I was the only female in the gym today. Freaky. Okay, I’ll admit, it was kinda cool.
Most of the guys in the gym were the usual muscle-heads (God love ‘em!). One, however, is a guy I try to avoid. If you so much as make eye contact with him, he’ll talk your ear off. And most of what he says is offensive (I’ve mentioned this guy before. He’s the one who has a body that would match the Mr. Potatohead head).
A few months ago, when the gym became a gym and therapy center, he loudly commented to me, “I hope we don’t have to see burn victims in here!” On another occasion, Loudmouth Guy proceeded to complain to me about his “Fag Neighbor.” OMG. Not only do I have gay friends whom I love to pieces, but this idiot was telling me this story as a gay man worked out nearby. For both reasons, I winced. Idiot man apparently noticed this, because he said, “I don’t care! I tell it like it is!” and kept on talking. I left to work out on another machine (and to shut him up).
As I was finishing up my workout today, Idiot Guy walked in. He waved hello. I managed a weak smile. He got on an elliptical. As I got off the treadmill and proceeded to wipe it off, he decided to announce that he just read a new book on health and what makes people sick. I nodded, thinking maybe he was referring to my wiping off the treadmill handles. Nope. He used the “people being sick” opening to announce that he’s seriously thinking about getting a colon cleanse.
*insert a moment of silence to allow that to fully sink in*
I swear, I think I HEARD my eyebrows raise. Oblivious to my discomfort, he continued on, patting his stomach and telling me that he just can’t seem to lose any of his belly fat (which, admittedly, is considerable). I attempted to walk away. He kept talking (is this guy out on a day pass, or what?). He said the book he read confirmed that his belly fat was all due to his consumption of soda and that the colon cleanse was his only hope (yep, he’s definitely out on a day pass).
Summoning a fake sweet smile, I helpfully offered that maybe he was a walking soda vending machine, and that it might be easier for him to just buy a shirt that says “Coke” or “Pepsi” on the front.
*silence*
His mouth dropped open and he seriously looked wounded. I was able to get away as he attempted to process what I’d said.
Score one for the gay people and the burn victims.
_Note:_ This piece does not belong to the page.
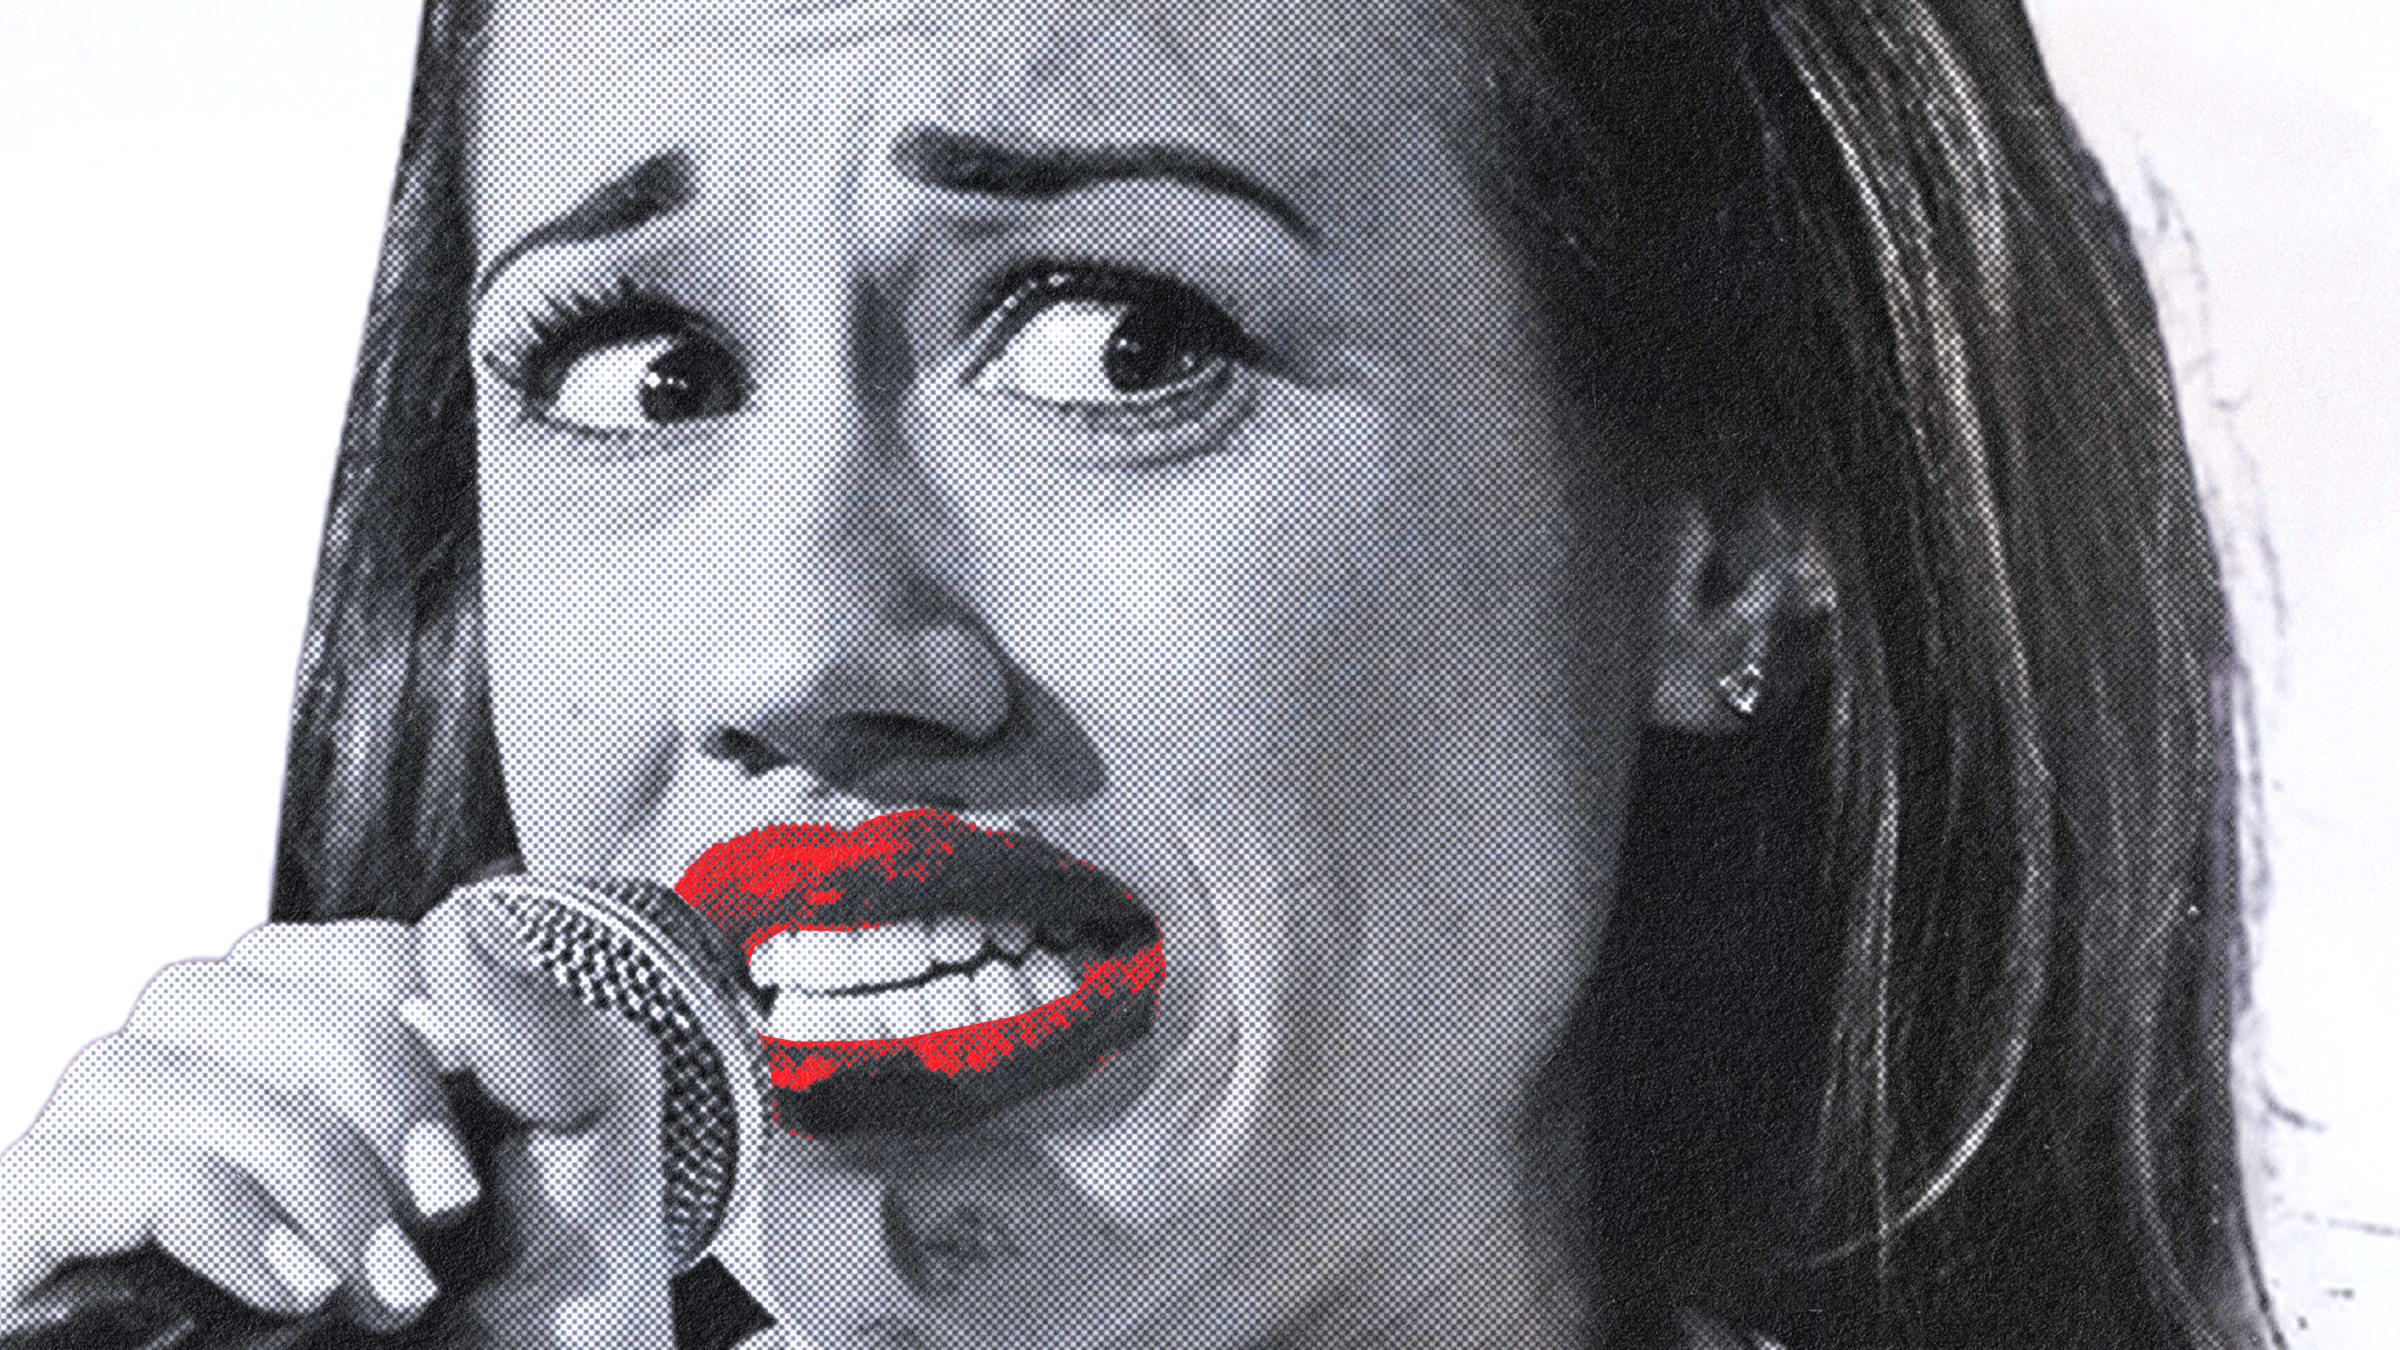 An illustration that includes an image of Colleen Ballinger aka Miranda Sings

Filed under: Personal, Rant, Weight Loss



I know those type of gym goers all too well. Why not just wear an I-pod/mp3 player? Even if you don’t turn it on, you can at least ignore him by pretending not to hear him. And besides, if you turn it on, you won’t hear him.
He keeps coming back to you because you smile and speak to him. However, with your last comment, you may have done the right thing by insulting him. Don’t stop. Continue and he’ll stay clear from you or (hopefully) quit.